Я видел Мари на току, она все время крутилась возле своей матери. Когда же она сумела это проделать?
— А мама твоя знает об этом? — и я указал взглядом на ее пазуху, не решаясь произнести слово «хлеб».
— Ты что? Да она мне сразу голову оторвет, если узнает! У нее характер ой-ей-ей, как у твоей мамы!
— А зачем ты тогда взяла?
— Ты еще спрашиваешь? Ну, разумеется, чтобы есть. Вот мы с братишкой проголодаемся, пожарим зерна и съедим. Если хочешь, и ты приходи. Только сегодня поздно. А завтра пожалуйста.
— Ладно, подумаю, — ответил я уклончиво.
Когда мы вошли в аул, солнце уже скрылось в своем гнезде и быстро начинало темнеть. В домах затопили печи, дымы вырывались из труб, подпирали низкое небо, точно столбы, и растворялись в его глубине. И в небе там-сям вспыхивали звезды, точно искры, вылетевшие из труб.
— Канат, хочешь серу? — спросила Мари.
— Земляную? Давай.
— Я в обед собрала. Если будешь ее жевать каждый день, у тебя станут белыми зубы. Как у меня.
Мари показала ровные белые зубы. При свете уходящего дня они напоминали два ряда жемчужин. Они были очень красивы, зубы Мари. А сама она опять кокетливо щурила глаза. Для меня лично.
— Хочешь, возьми мои тана! — предложил я в безотчетном порыве.
— Что ты, Канат?! Взрослые дали их тебе!
— Ну, тогда возьми хотя бы одну. Какая тебе больше нравится. Не бойся, никто не заметит!
— Если одну… Синенькую?.. Нет, красную!.. Или лучше вот эту, белую!
Она наклонилась к вороту моей рубашки и, коснувшись на миг горячим дыханием, перекусила нитку, которой была пришита белая бусина.
— Спасибо, Канат-ай!.. Ну, я пошла домой.
Мари повернула к дому, а я почему-то стоял и смотрел, как она уходит. И едва она исчезла за дверью, как тут же на меня с новой силой навалилась усталость. Странное дело: я о ней и забыл, когда болтал с Мари.
Придя домой, я сразу повалился на постель, даже не посмотрел на ужин. Такого со мной еще не было. Я лежал, прикрыв глаза, наслаждался покоем.
Сквозь дремоту до меня долетали звуки нашего дома. Вот скрипнула дверь, и бабушка сказала:
— Тише, он спит. Устал наш жеребеночек.
В узкую щелочку, оставленную между веками, я увидел мать. Она подошла ко мне, погладила по голове и вдруг улыбнулась. Наверное, впервые с тех пор, как пришла похоронка.
— Ты видела, с чем вернулся твой внук? — спросила мама, продолжая улыбаться.

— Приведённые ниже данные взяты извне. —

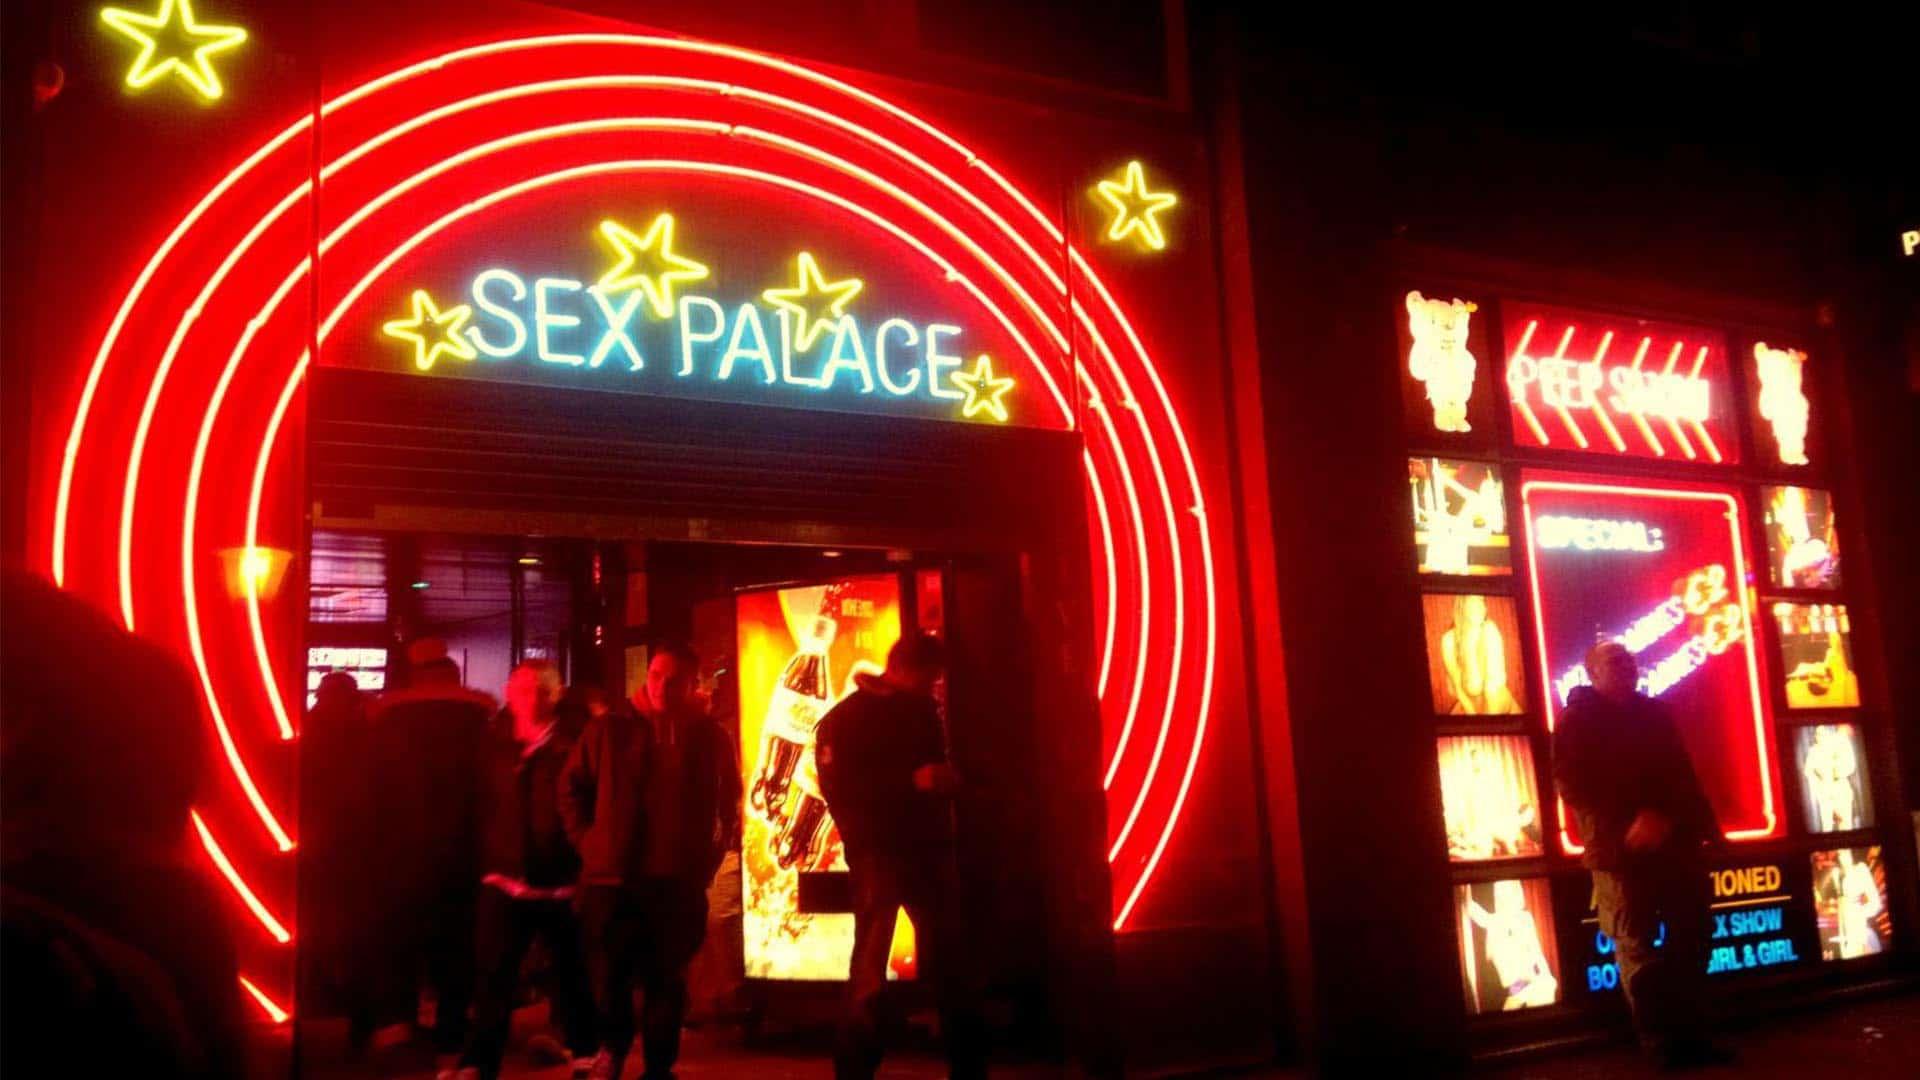 prostitutas masturbandose calle prostitutas amsterdam

— Откуда? Он сразу лег спать. И слова не сказал. А что у него? —
спросила бабушка, встревожась.— Тана у него на воротнике, а вот и на подоле. Это же бусина Нурсулу! А эта Батики!
— Дите мое дорогое, радость моя! — растрогалась бабушка. — Весь в отца своего! Я бы жизнь тебе отдала, мой верблюжонок! Дорогу твою собой устлала! — И она тоже склонилась надо мной, продолжая называть самыми нежными, самыми ласковыми на свете словами.
А я притворялся спящим, посапывал для пущей убедительности, довольный тем, что доставил такую огромную радость и бабушке, и маме. Мама гладила меня по голове, и от ее жестких, но теплых рук мое тело наливалось прямо-таки богатырской силой. Казалось, нет сейчас в мире такого дела, которого я бы не смог совершить ради того, чтобы она улыбнулась хотя бы еще раз. Я еле удерживался, чтобы не ответить на ласку, и продолжал притворяться спящим, мысленно говоря: «Бабушка! Мама! Подождите немного, я еще себя покажу!»
Кто-то неожиданно ущипнул меня за нос.
— Ой, хвастунишка, ой, притвора! Вы думаете, он спит? — сказала Назира.
Обласканный, упоенный своими заслугами, я и не заметил, как она вошла.
— Оставь его, дай ребенку поспать, — осадила мама сестру.
Я чувствовал, что еще немного — и мой рот расползется в улыбке, и потому зачмокал губами и перевернулся на бок, лицом к стене.
— Уберем хлеб и, если будем здоровы, зарежем козочку, устроим небольшой той. Позовем Нурсулу, Батику и других женщин, — сказала мама.
— А я откормлю козочку от желтой козы, — подхватила бабушка.
— Подумаешь, один день потрудился, старшим помог, а вы уже готовы кричать на весь аул: ах, у нас какой мальчик, прямо герой! — вмешалась Назира.
— Не забывай: это наш старый обычай, — с укором напомнила мама.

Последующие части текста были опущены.